A buddy and I fished rattlesnake/paintcreek lake last night. We got 20-30 channel cats 1-4 lbs, 4 bullheads, and a nice whitebass. Bait= shrimp, large fatheads, and creek chub. 

So we took 7 random cats and the whitebass home to eat, and when I clean fish I tend to cut open the stomach to see what they have been eating. Well most of it was to be expected crayfish, minnows, and mush. But one cat had the head and four legs of a paint turtle in its gut. They were still in good condition and didn't look as if they were picked from a rotten turtle. Maybe this is normal but it was a bit of a shock to me. My question is how did he rip the limbs off a fresh turtle without hands to hold it down.

A- Turtles really can leave their shell.
B- Someone hates turtles and cut off its head and limbs and tossed them in.
C- Catfish have a special chemical in gut that breaks down turtle shells in minutes.
D- Turtle got wedged between two rocks and the cat pulled it to pieces.

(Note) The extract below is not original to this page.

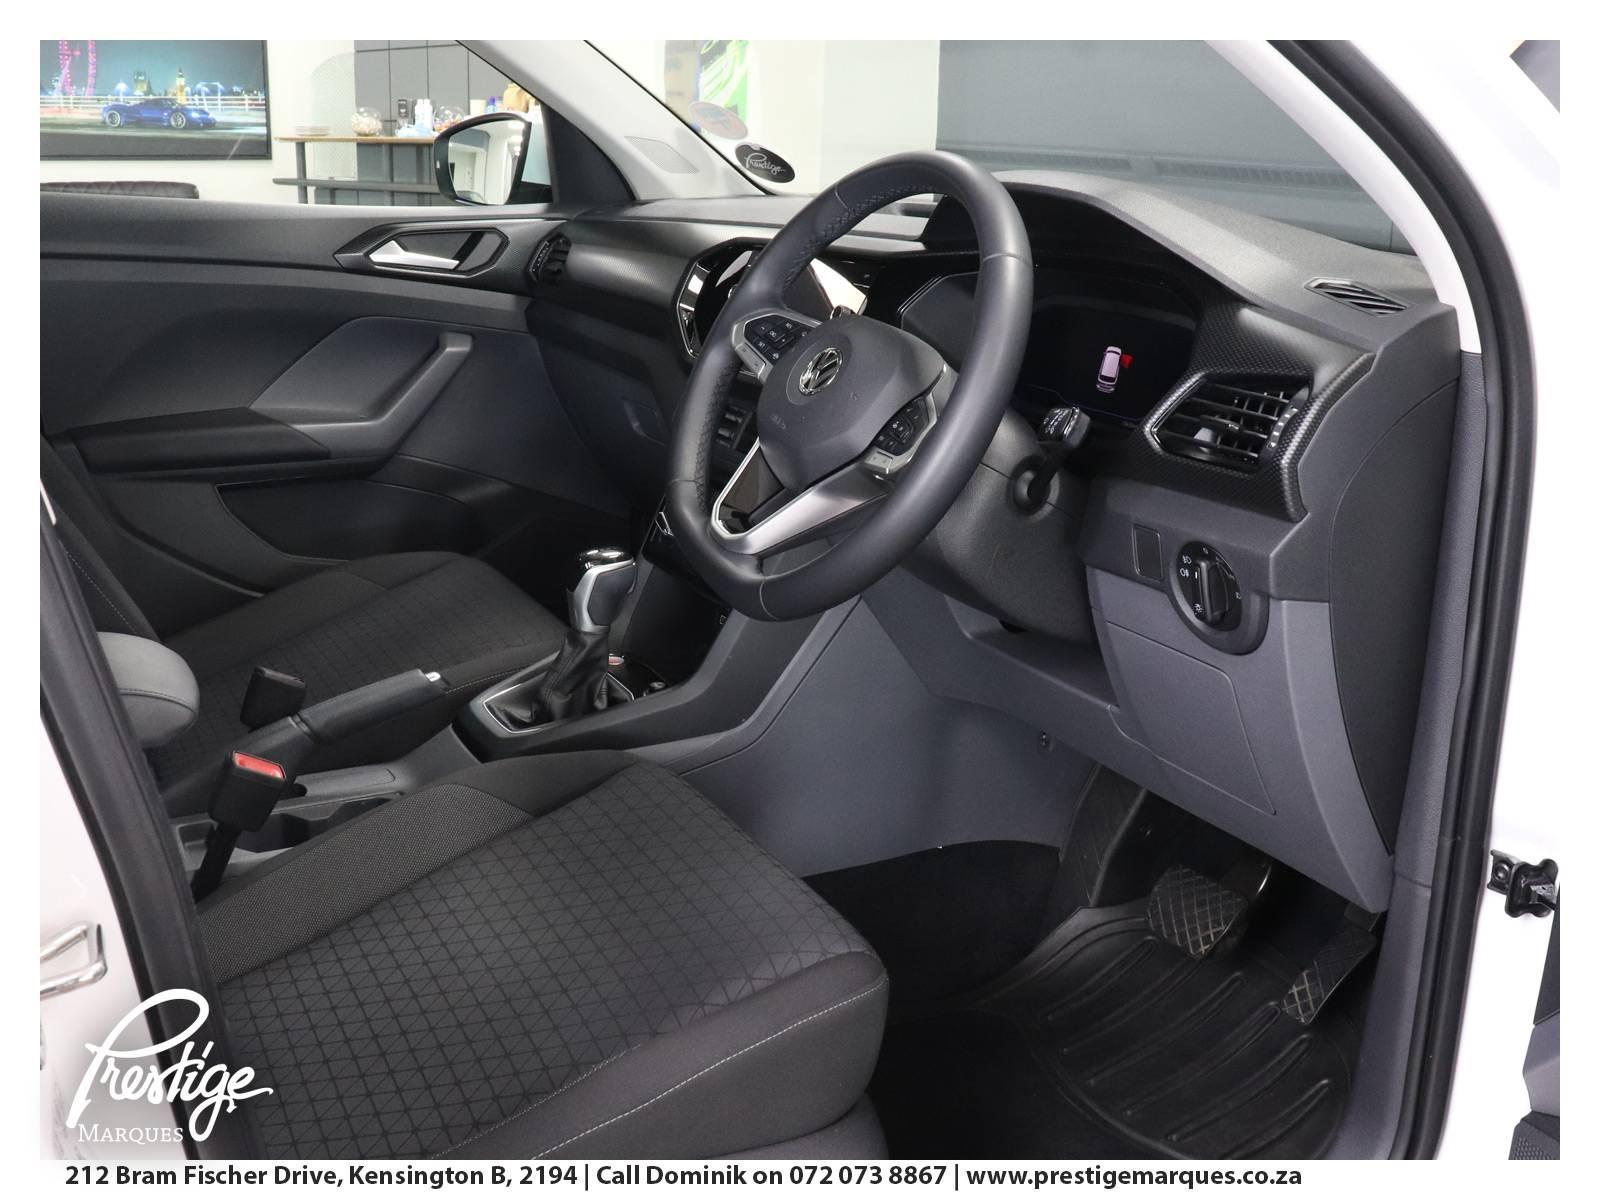 2019-Volkswagen-T-Cross-Prestige-Marques-Randburg-Sandton-12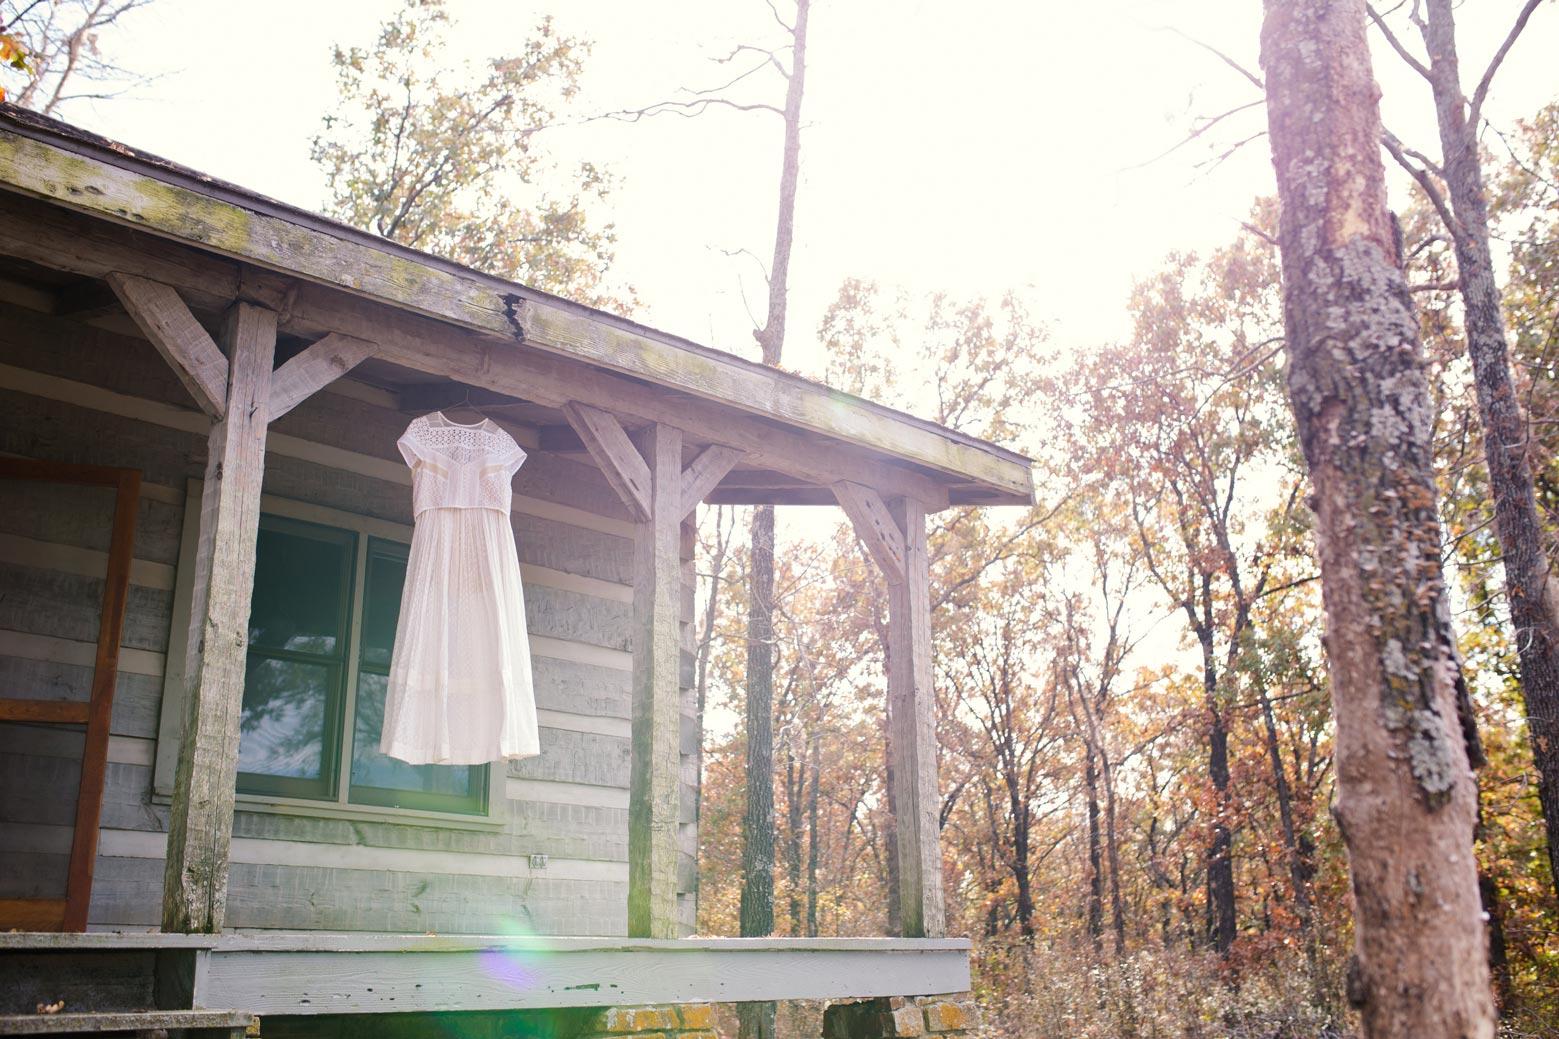 Rustic-Whimsical-Wedding- Tulsa-Wedding-FloristRobyns-Flower-Garden_Mallory-Hall-Photography01.jpg

PS. It was not a white turtle.


----------



## JimmyMac (Feb 18, 2011)

A and C I'm fairly confident aren't the answer, most likely someone who hated turtles cut it up I'd say.


One of my fishing buddies who passed away a few years ago used to murder every turtle he caught... I about fought him over it a couple times as I found it to be senseless and cruel, but yeah some people get really mad at turtles.


----------



## rustyfish (Apr 27, 2004)

Yea.... I hope no one thinks I was serious about those options. I'd say he just swam around shaking it until they came loose


----------



## xwarandruinx (Jul 7, 2011)

I think he used a KBAR


----------



## BottomBouncer (Jan 20, 2005)

I know fish can crush up clam/mussle shells to eat what's inside. I'd say a small turtle shell wouldn't be much different.


----------